The network architecture is limited to networks of the feed-forward type, with maximally 1 hidden layer separating the input layer and the output layer. The training principle is standard backpropagation.

The WWW based version of the program reads a number of run-time parameters from an input form. These parameters control the architecture of the neural network, many aspects of the training process, the number of sequences used for training and testing, file names for additional input and output produced by the program, and the complexity and detail of the output delivered by the program.

When started, the howlite program will first produce a listing of all relevant parameters used, followed by statistics showing details of the classification performance during the training process.
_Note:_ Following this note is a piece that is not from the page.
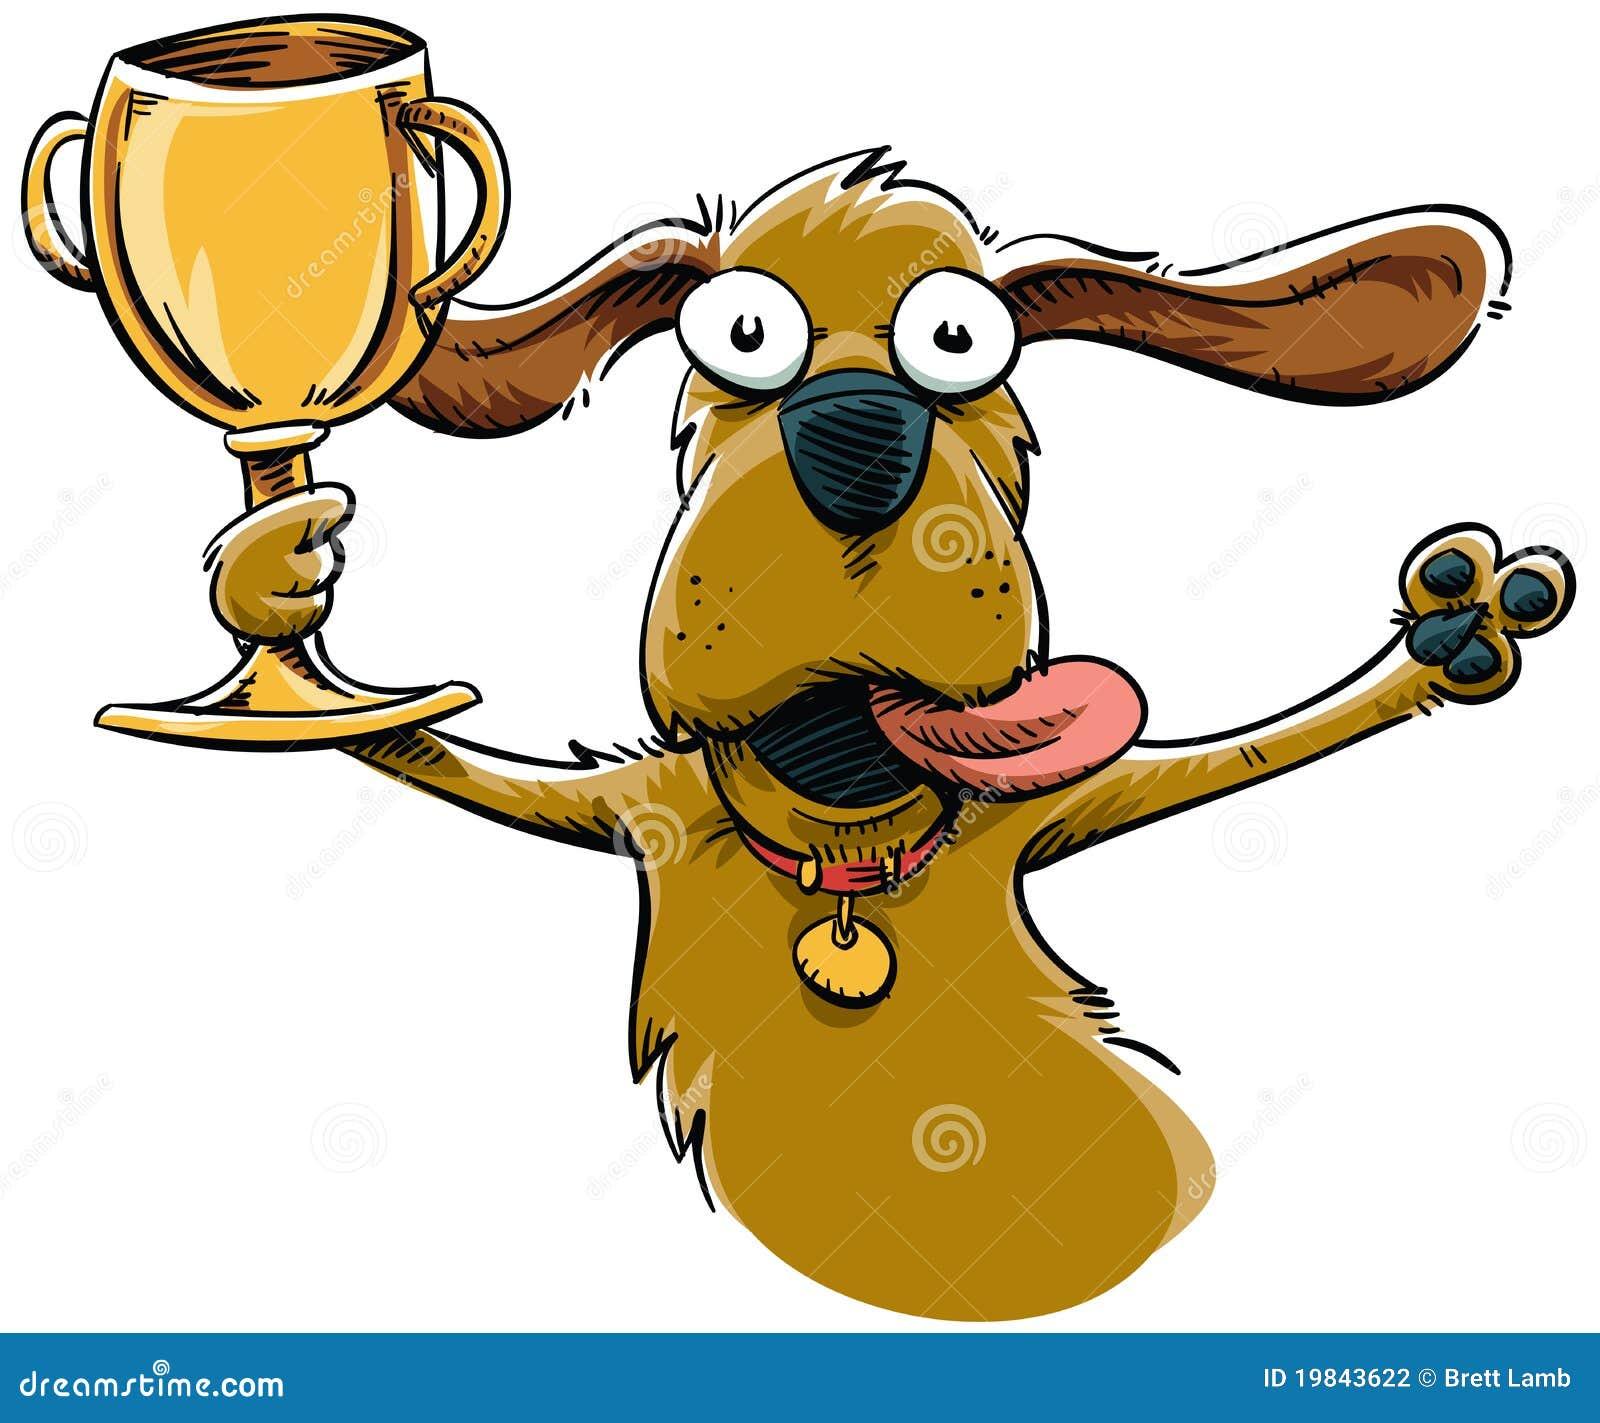 Trophy Dog stock illus...
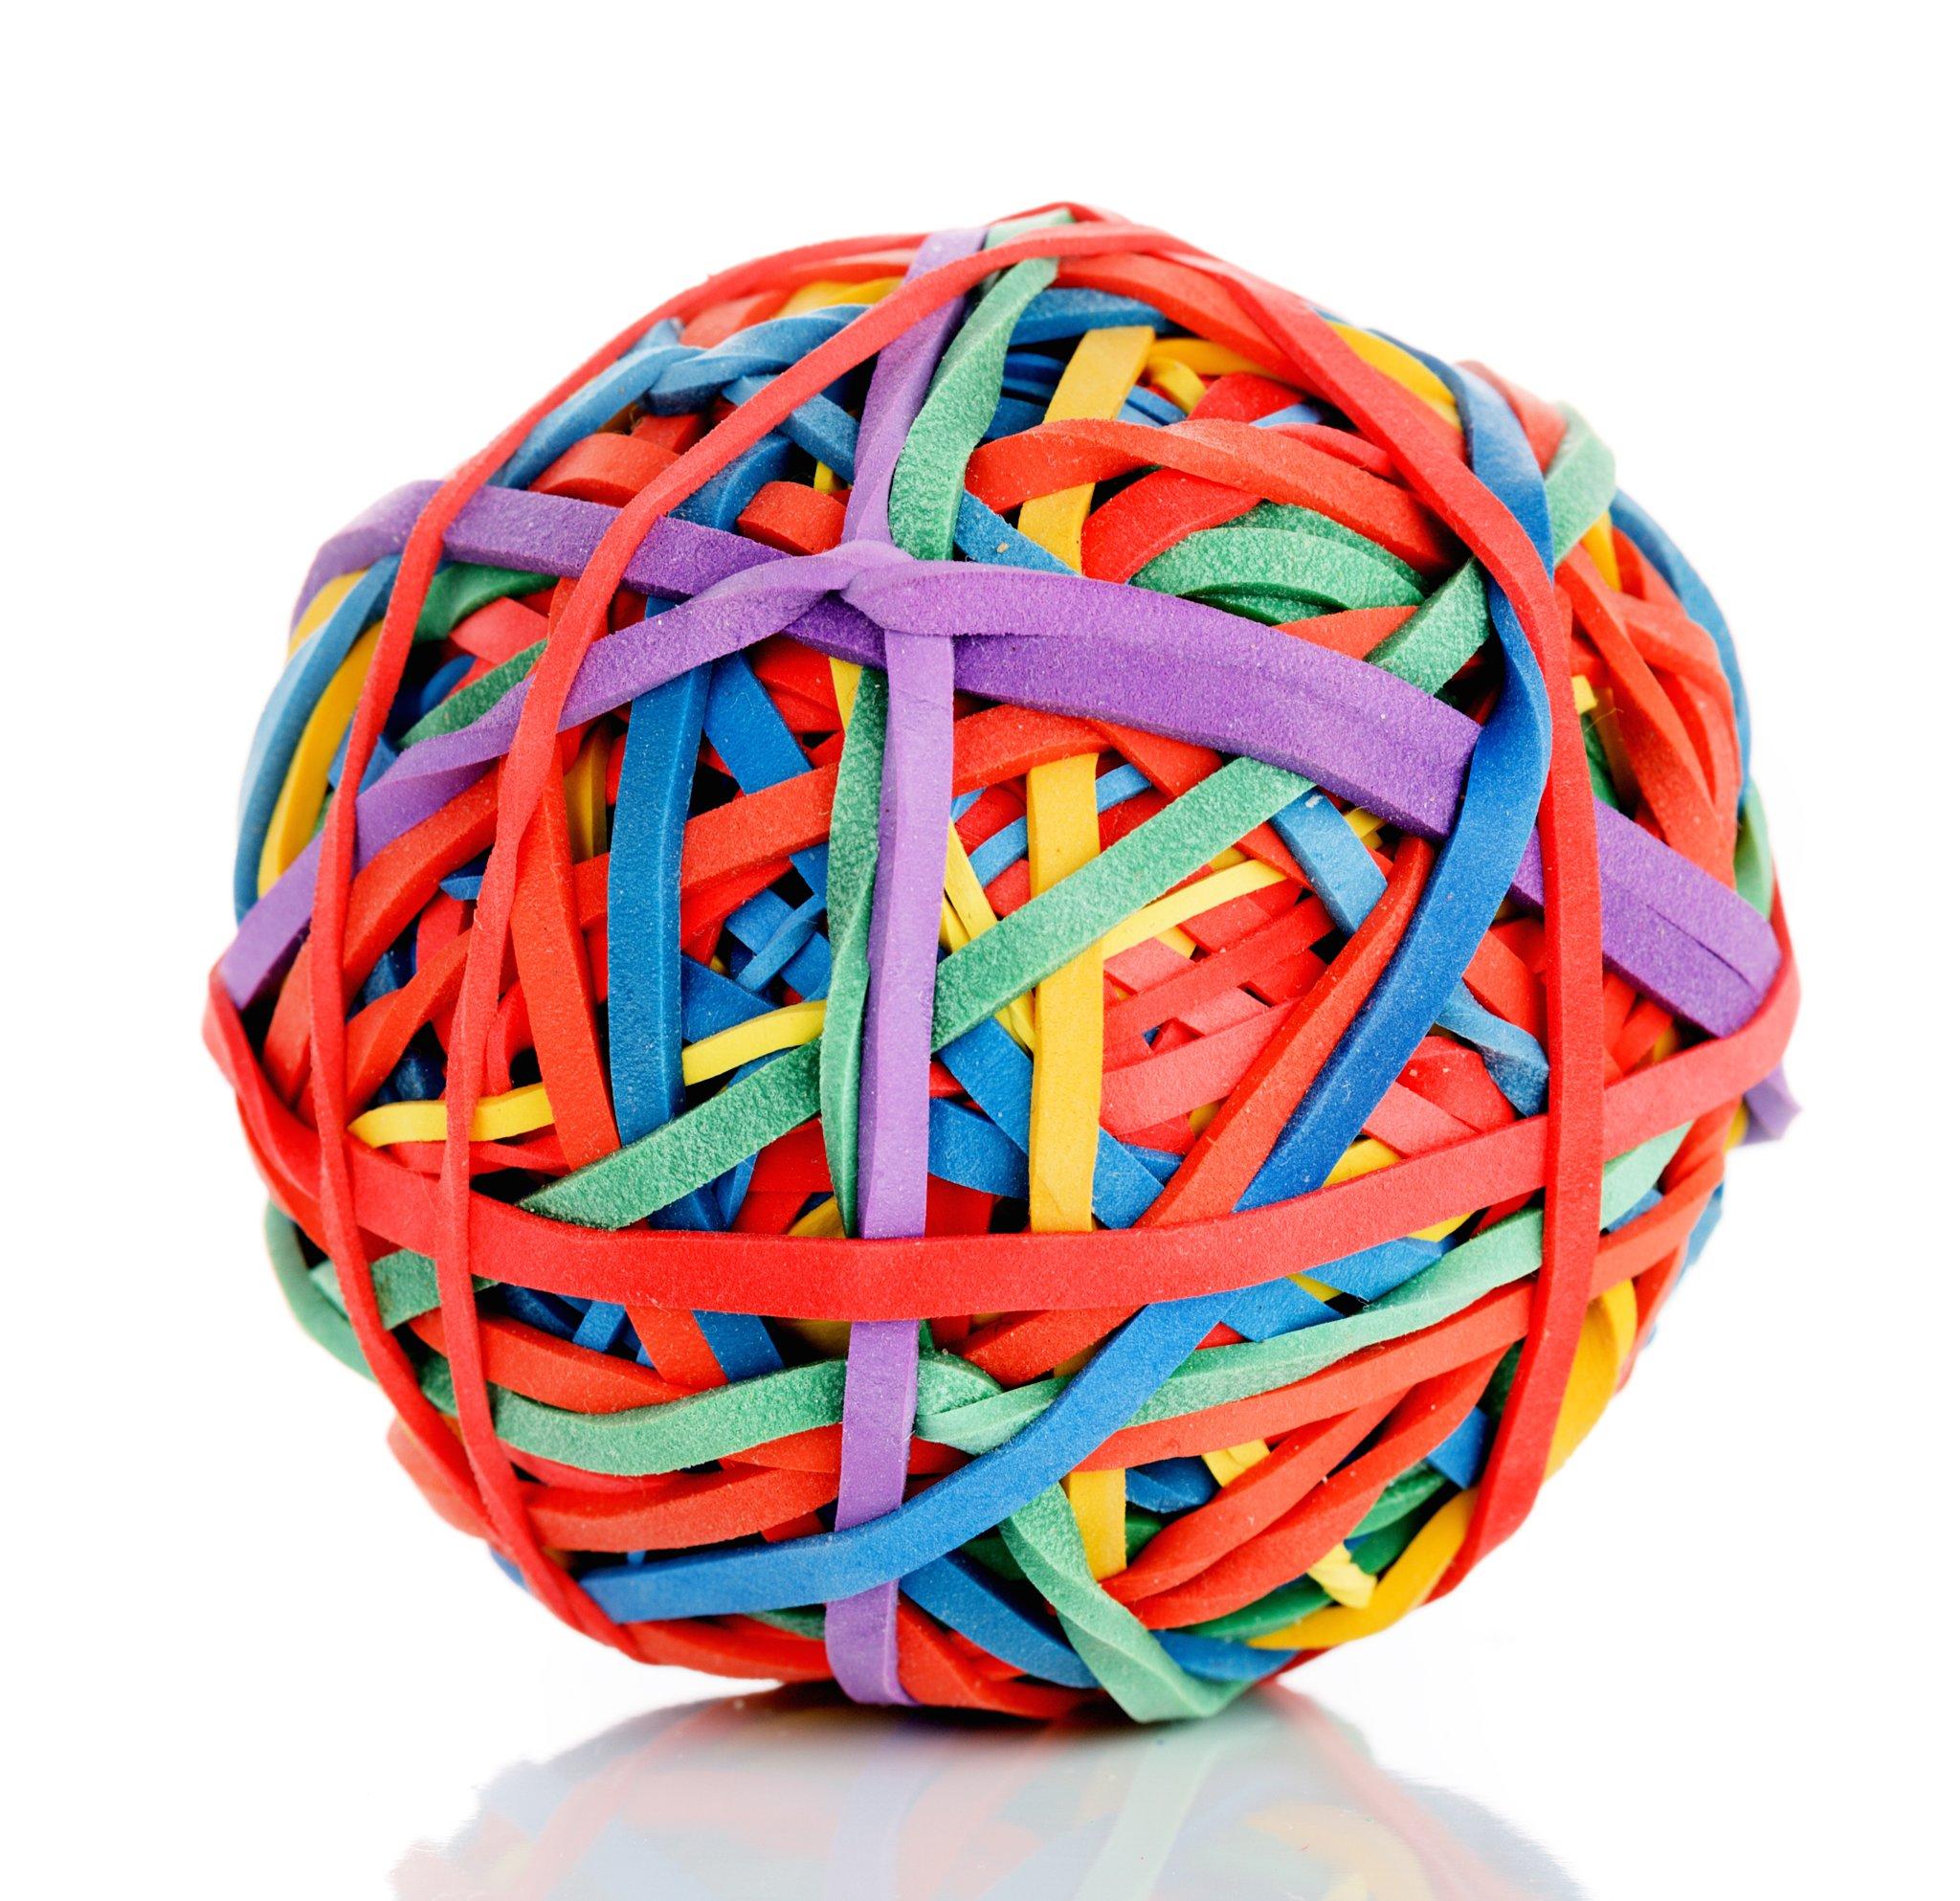 Uses For Rubber Bands | POPSUGAR Smart Living

The output of a training run may subsequently be visualized with plots of various preformance measures. A trained network may also be used - in a static mode without further training - to produce predicted classification results for novel sequences not previously shown to the network.

The essential data for the program is:

(a) the set of input parameter values,
(b) the sequence files holding training and test data,
(c) the weight file holding the adjustable neural network parameters.

The sources from which these data are taken can be controlled by the user via a WWW browser.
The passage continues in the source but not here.